Pero bien, la relación propia que el hombre establece con el tiempo es la circularidad, así que admitiremos esa disculpa.

Sin embargo, lo grato de todo placer comienza cuando te has quitado el reloj, has descolgado el teléfono y te has olvidado de quién eres. Un libro, una música, un silencio, una observación desinteresada, un domingo por la tarde (yo amo los domingos incluso por su mala fama). La verdadera felicidad humana tiene más momentos de inexistencia que de firmes y admirables propósitos, más de mantita y de pantuflas que de luchas intestinas con la vida. Los grandes propósitos son metas del hombre, de la humanidad, pero no del individuo, el individuo por lo general es el hobbit que llevamos dentro. Alguien que espera la llegada de las fiestas y se pregunta cuándo dejarán de dar molestia las visitas.

Digamos que hay malas manías, así como entuertos de amor, que no los curan los médicos ni con seguro privado. Por lo general, no somos más que hábitos oxidándose y cochineándose siempre en los mismos charcos. Ese es el común de los mortales. Un gorrino melancólico, inconscientemente feliz, pero quejándose a cada paso de su mala suerte. Y luego, para dos que nacen buenos, nos los quieren desgraciar.

El ejercicio del cambio y de la superación suele suceder en personas con cierta flexibilidad de corazón. Alguien capaz de sintonizar con su entorno y consigo mismo, de cierta ductilidad, capaz de una actitud generosa y de una conciencia autocompasiva, que no autocomplaciente. El que tiene una buena antena en la cabeza, nunca se encontrará del todo perdido, siempre encontrará otra ruta, otra posibilidad de vivir.

Pero la amplia mayoría tenemos dificultades, pues son muchos los inventos y las añagazas que utilizamos en favor del infortunio; hay personas que son burrísimas de sí mismas, auténticas centrifugadoras, hamsters en su noria, asnos con antifaz que cargar de su costumbre, incapaces de avanzar o de pensar bajo otra luz la inviabilidad de un pensamiento viejo.
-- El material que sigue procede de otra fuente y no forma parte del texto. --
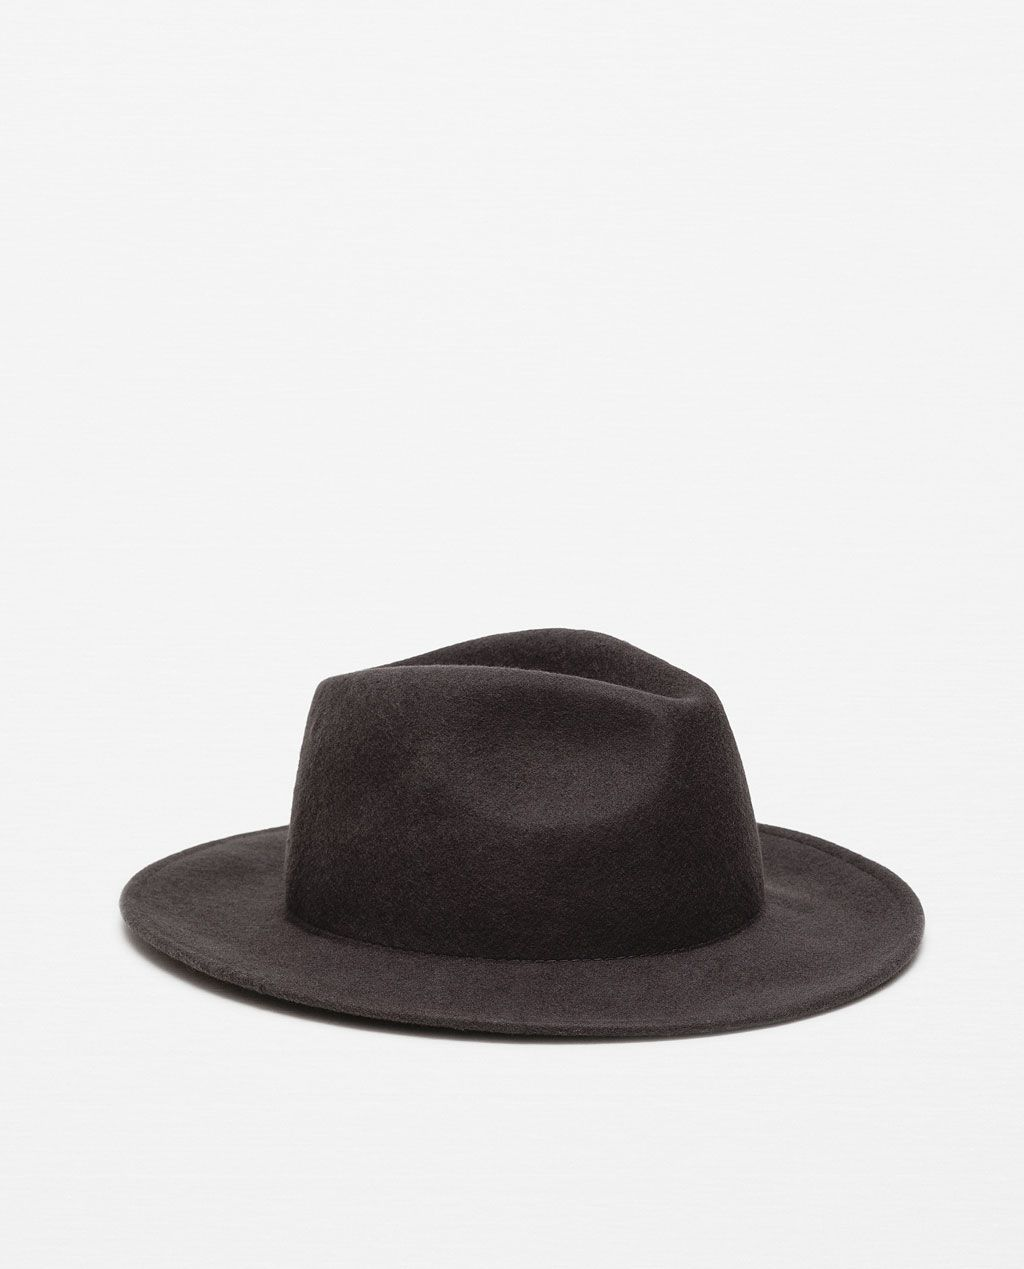 Wide Brim Felt Hat View All Accessories Man Wide Brim Felt Hat Hats For Men Hats

Hay personas tan grises que no levantan el ánimo ni que vayan a llamarlos Manolillo el de la pena, otros que confunden la realidad con el deseo y se quedan sin realidad, cuando acaban agotando su deseo; ¿y qué dices de los que no saben de su cabeza más allá que dónde comienza su panza?; hay quién explica sus principios a través del dogmatismo su entrepierna, y gente que no sabe de sí más que los datos de su tarjeta o la hora de la próxima reunión.

Hay quienes que sufren el boicot de la neuroquímica, el destierro, la minusvalía o la enfermedad mental y cuya terca supervivencia los convierte en pequeños superhéroes.

¿Pero dónde acaba la vida y dónde empieza la enfermedad? ¿Estoy deprimido porque soy yo, a conciencia de todos mis males, o porque he dejado de ser yo transformado por el peso de los golpes? ¿sufro depresión o es sólo autobiografía? ¿Es realmente un trastorno mi enfermedad o es una decisión que he hecho sobre mi vida?.

Todos traemos defectos o diseñamos trastornos para jodernos a base de bien. Pero hay personas que luchan y siguen vigentes, a pesar de las circunstancias, y otros que se rinden o se asquean y tampoco son culpables, porque no dan guerra, no dan mal.

Otros hay, sin embargo, tan enajenados que no encuentran en su identidad el papel que les tocó representar a un nivel terrestre: ángeles diabólicos, parásitos, cegatos, cómodos en la inmadurez y el autoengaño, sumidos en una falsa filosofía del mundo contra mí y aprovechándose de otros.

El común habitante de la casa se preocupa de pronto por esa bombilla anómala, preguntándose si no habrá forma más honrada de cronometrar lo que aún le falta a la noche, que es mucha.

El hombre que amaba su reloj responde fatigado, casi indigno, como el que se encuentra cuestionado de más en un asunto sin fuste: que sí joder que sí, que luego cuando me largue apago la maldita lucecita.

El común habitante sospecha de pronto el dilema en el que el otro se encuentra acotado, y lo deja estar sin más cuestionamiento ni importunio, pues es variada y libidinosa la relación que él mantiene con los electrodomésticos, y yo me tengo que tragar todas las noches el walking dead.